The international airports in New Zealand’s three biggest cities are all part-owned by their respective city councils: Auckland Council has an 11 percent shareholding, Wellington City Council holds 33 percent, and Christchurch City Council holds a 75 percent share. In all three cases, there are discussions of divesting some or all of the shareholdings.
All three of those big airports publish fairly detailed financial statements. These reveal that Wellington Airport earned $54m from retail and trading activities in the past year, including $13.6m in retail concession fees and $18.9m in rentals.
Auckland Airport earned $184m last year from retail concession fees, as well as $30m from retail and aeronautical rentals.
Auckland Airport communications manager Helen Twose says retailers are obliged to ensure their pricing is fair and competitive, and Auckland Airport uses a third party to actively monitor prices against those of similar off-airport retailers or outlets at other airports, where appropriate.
“For the likes of Relay, that comparison group could include other convenience stores with long trading hours, such as petrol stations,” she explains.
As well as the long trading obligations – often 20-hour trading days – Auckland Airport also considers factors such as the increased compliance and operating cost expenses unique to the airport environment, including security, biosecurity, staffing and logistics.
The airport is earning more from retail now, but during the pandemic it provided retailers more than $230m in abatements , so they were in fit shape to resume operations when borders reopened.
Christchurch Airport earned $91m from rent and lease income, but it’s not clear how much of that was from retail. Strategic communications manger Sean Tully said pricing was a matter between the retailer and customer, but the airport maintained oversight to promote a balanced service.
Vanessa Horne says the question of whether the allocation of contracts to concourse retailers is likely to breach the restrictive trade practice provisions of the Commerce Act will depend on the particular facts of each situation.

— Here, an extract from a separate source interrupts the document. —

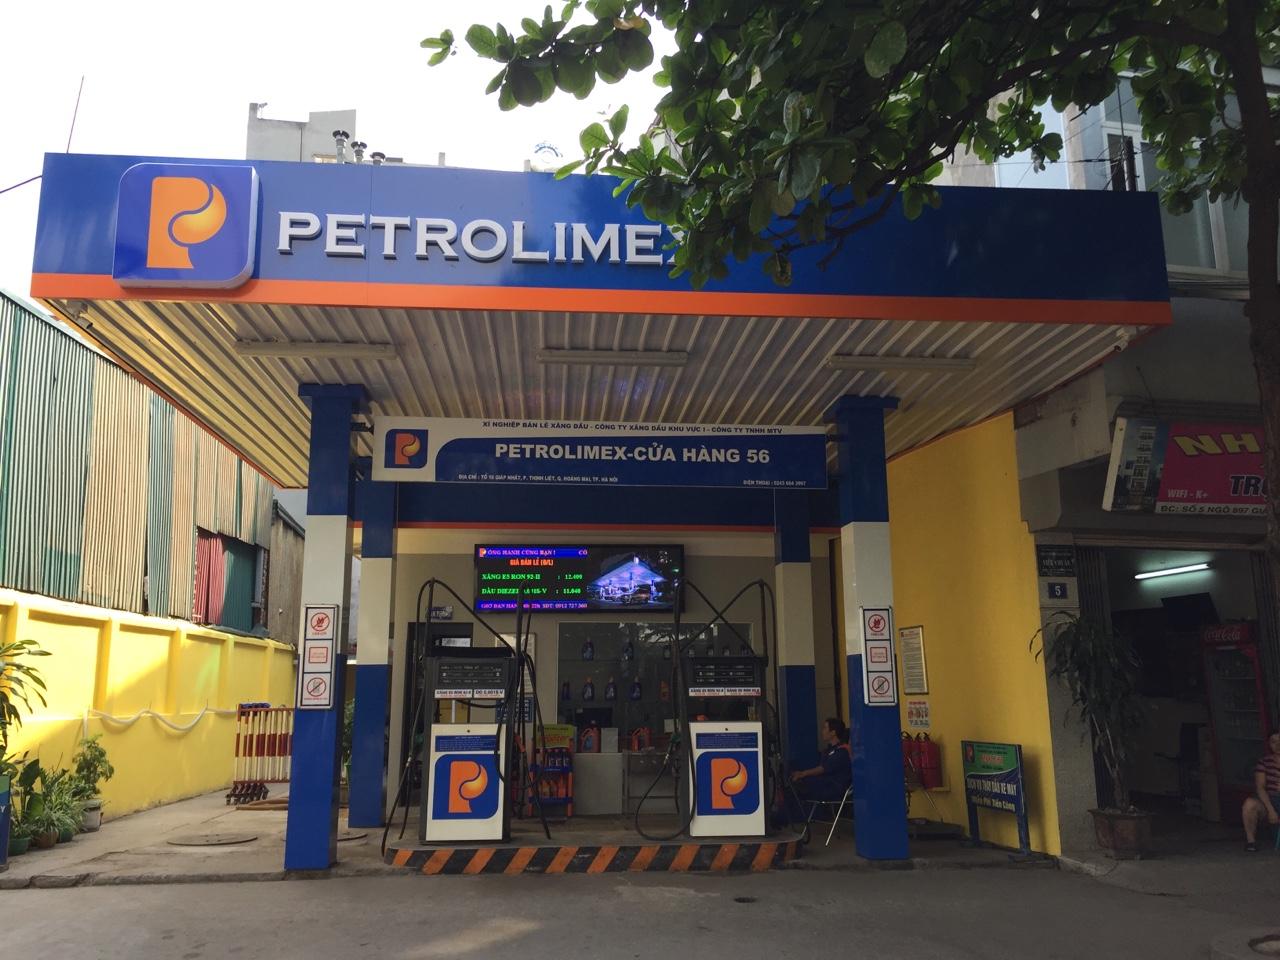 Lỗ đậm quí I, Petrolimex muốn bán 15 triệu cổ phiếu quĩ - Ảnh 1.

These include the nature of the terms of the contract, the nature of competition in respect of the relevant product, and the geographic extent of the market.
“Charging a high price doesn’t in itself breach the laws we enforce,” she says. “Under the Commerce Act we would be concerned about conduct that might exclude or harm competitors or the competitive process, while the Fair Trading Act prohibits misleading and deceptive conduct, and false representations.”